Шрифт:
Интервал:
Закладка:
Однажды отец привез из очередной поездки в своем сундучке кулек леденцов. Случилось так, что в тот день у них играли и соседские дети — отец роздал малышам по конфетке, а Эдик, который был постарше, остался без угощения. Эдик обиделся и вслух высказал эту обиду. Отец поставил обиженного в угол. Это было самым серьезным наказанием.
— Они малолетки, им и конфетки, — говорил отец. — А тебе, мальцу, конфетка не к лицу.
Говорить в рифму было слабостью отца. Это иногда раздражало, а иногда умиляло Эдика. В школе он познакомился со стихами больших поэтов, и попытки отца рифмовать выглядели в его глазах жалкими.
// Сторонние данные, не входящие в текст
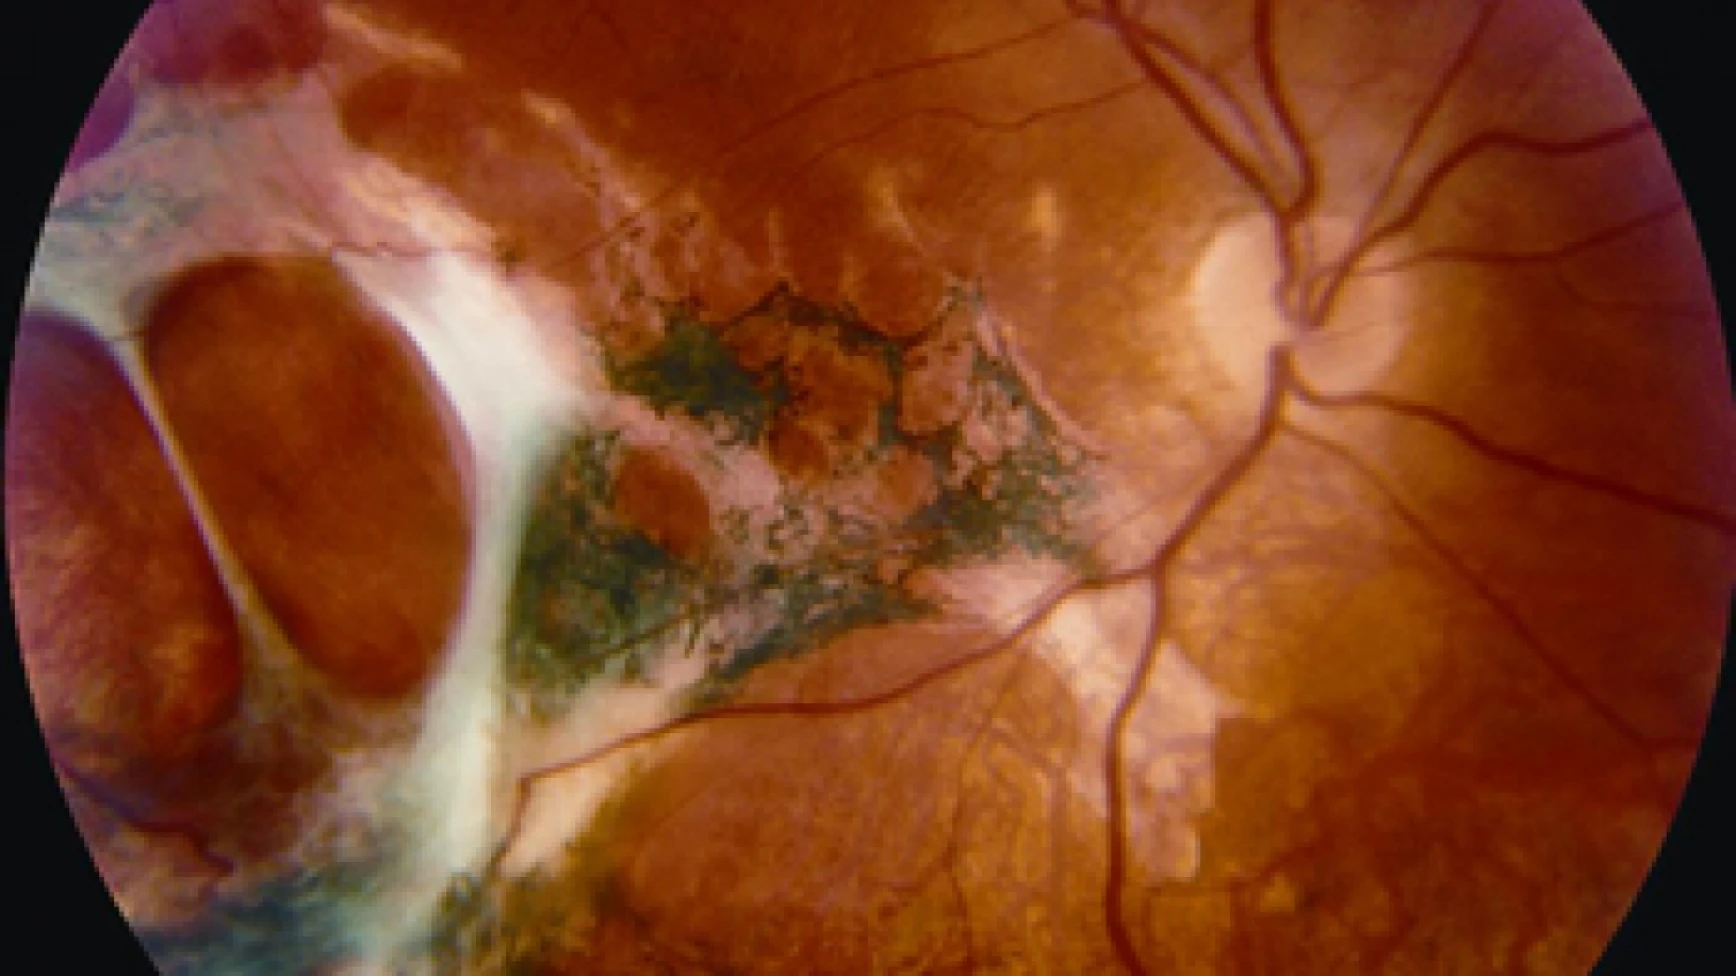 Göz ovuşturmak retina hasarına yol açabilir

Но иногда такая манера разговаривать приносила в дом хорошее настроение, а это было дороже хлеба.
На детство Эдика выпали трудные годы неурожаев и засух, когда в стране были введены продовольственные карточки.
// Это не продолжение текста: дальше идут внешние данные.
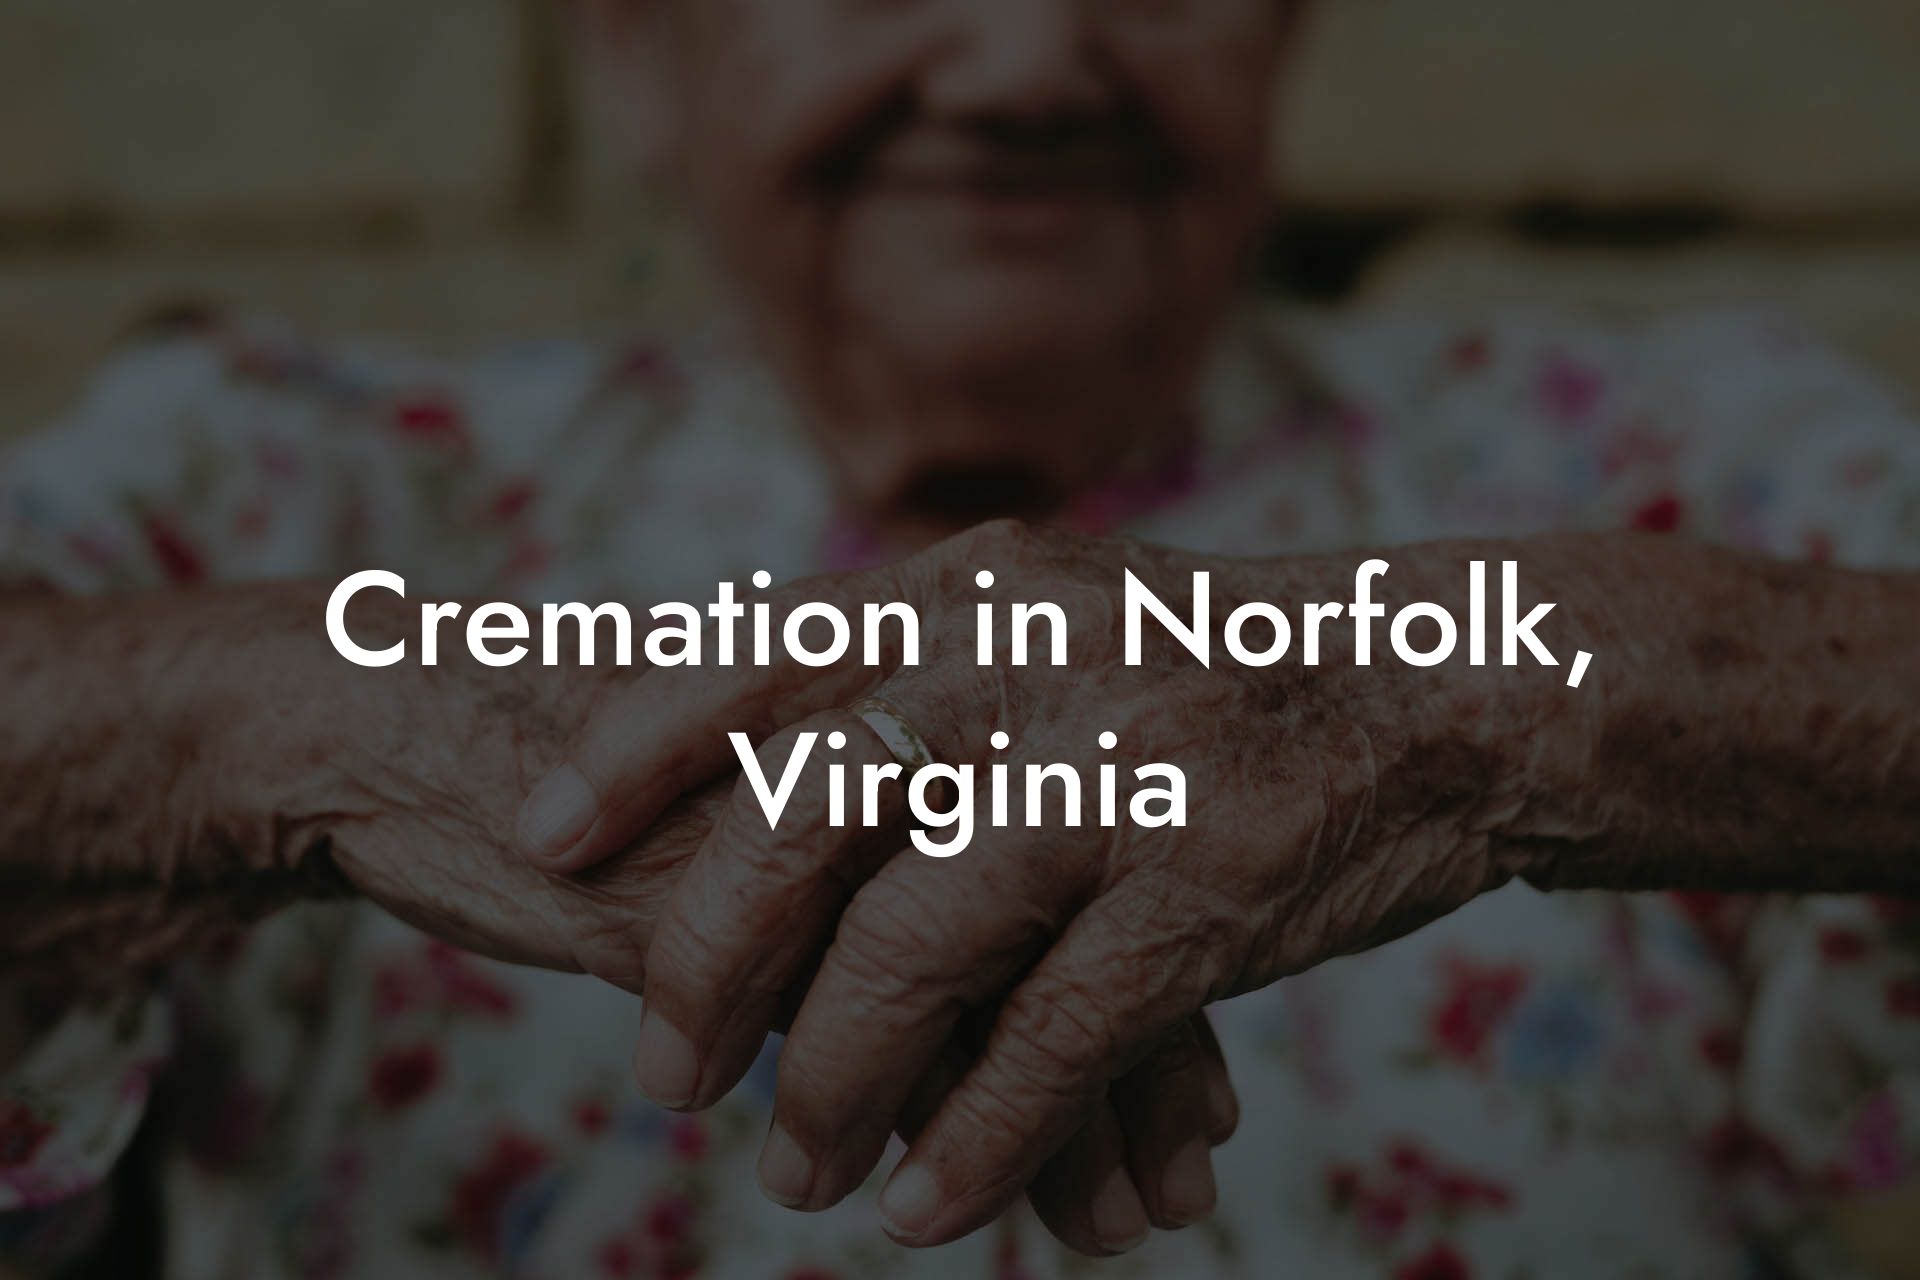 Cremation in Norfolk, Virginia

Однако хлеба не хватало и по карточкам, и люди, чтобы получить гарантированную пайку, занимали очередь в магазин с самого вечера.
Эдик хорошо помнит одну из таких ночей. Отец в это время был в поездке. Мать с вечера снарядила Эдика в очередь, чтобы ему было не холодно, дала отцовскую телогрейку, пропахшую мазутом.
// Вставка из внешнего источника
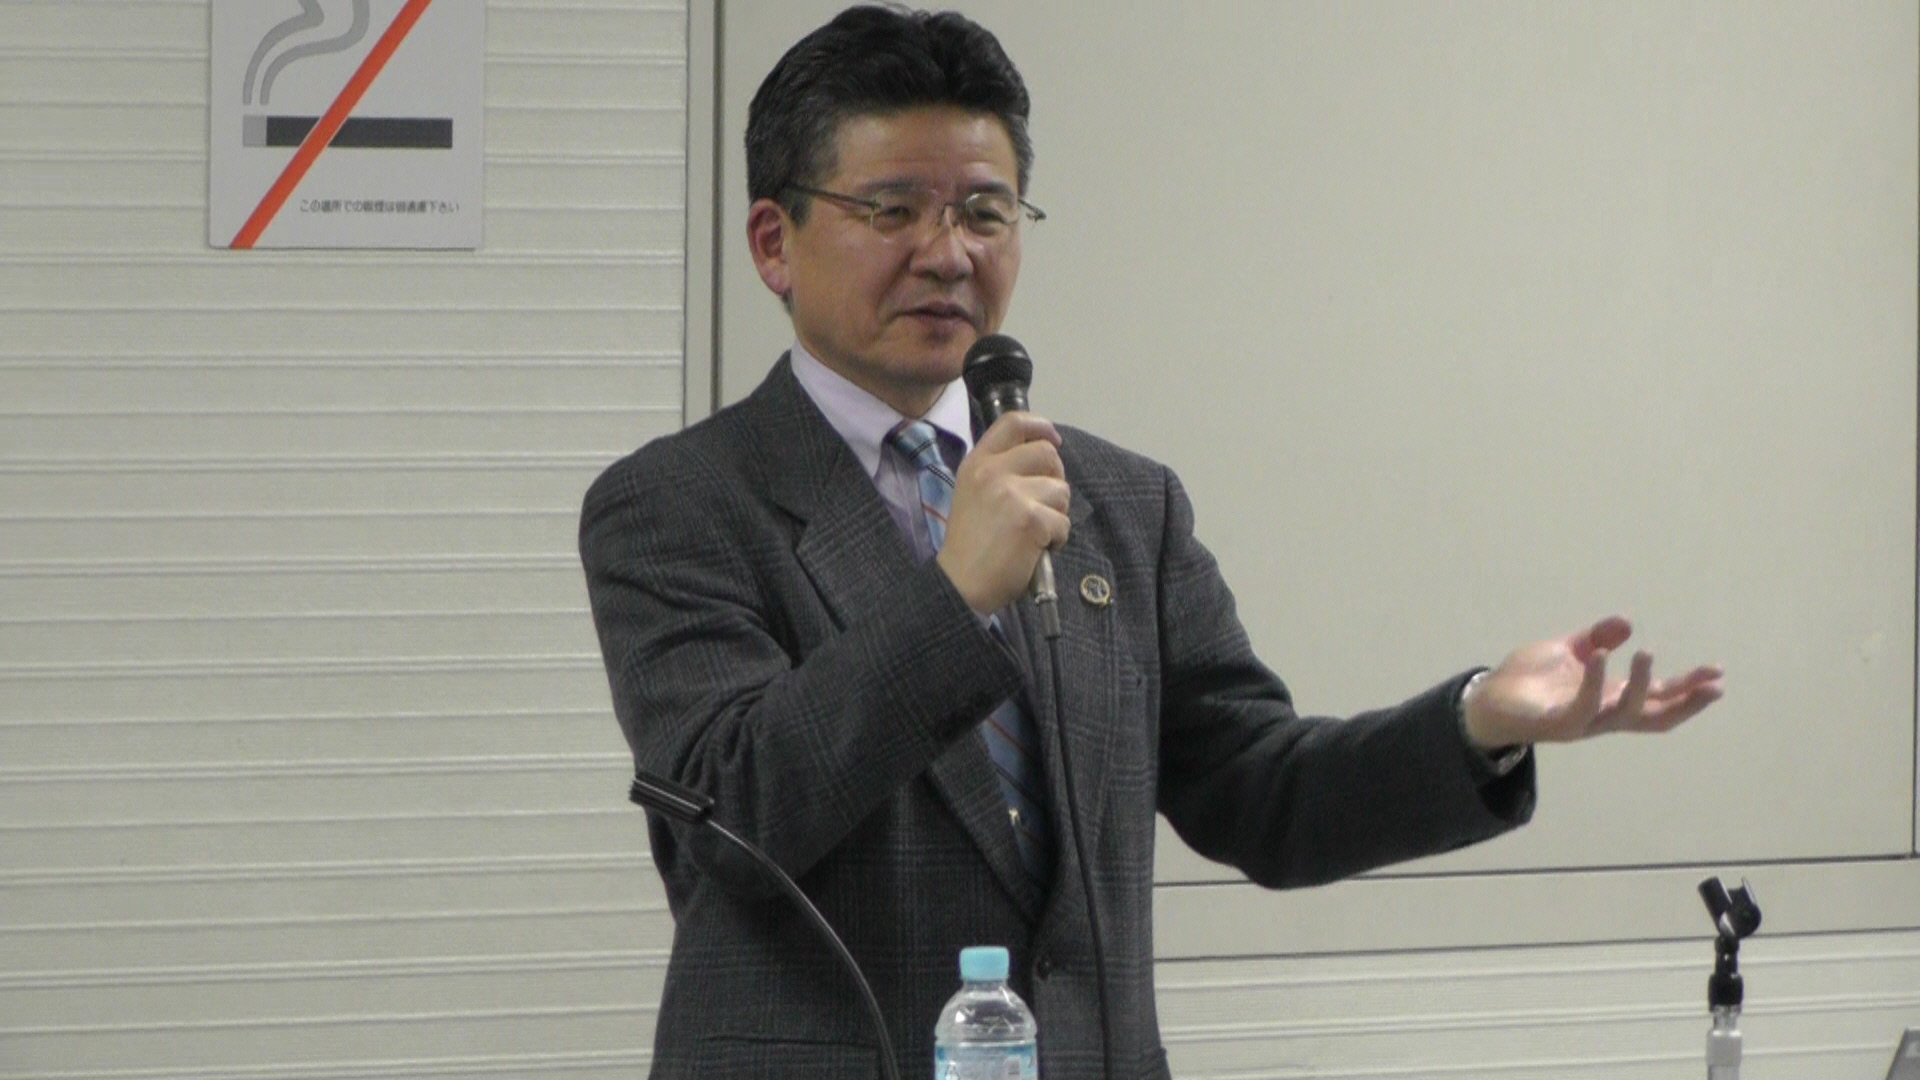 慶應フットケアチーム主催の第8回フットケア講演会が開催されました。

Эдик занял очередь за старухой и долго стоял, прислонившись к стене магазина, боясь отлучиться, чтобы очередь его не пропала. Поздним вечером прибежала мать, дала ему холодную отварную картофелину и сказала, что у одного из малышей жар и она боится оставить его одного и что ему, Эдику, придется стоять в очереди всю ночь. Мать уговаривала, чтобы он не боялся, что он будет не один, почти вся очередь будет ночевать и даже его старушка, за которой он стоял, будет всю ночь рядом.
Делать было нечего, Эдик согласился. Он нашел местечко на старом ящике, уселся и накрылся отцовской телогрейкой. В ней было хорошо и уютно, потому что пахло паровозом, пахло отцом, а отец — это всегда спокойствие и уверенность, потому что он знал, что надо делать, чтобы всем дома было хорошо.
Согревшись под телогрейкой, Эдик начал дремать и уснул.
Проснулся он оттого, что ему стало жарко. Он открыл глаза — светило яркое солнце, телогрейка дышала мазутом, а у стены магазина не было ни одного человека. Эдик испугался, что все уже получили свой паек, что получила его и старушка, но магазин был закрыт, и на двери его болталась прикрепленная булавкой бумажка: «Сегодня привоза не будет»,
Дома отец погладил взволнованного Эдика по голове и сказал:
— Ничего, сынок, еще съешь своего хлеба кусок... Сегодня нет, завтра нет, а послезавтра переменится свет. Не горюй...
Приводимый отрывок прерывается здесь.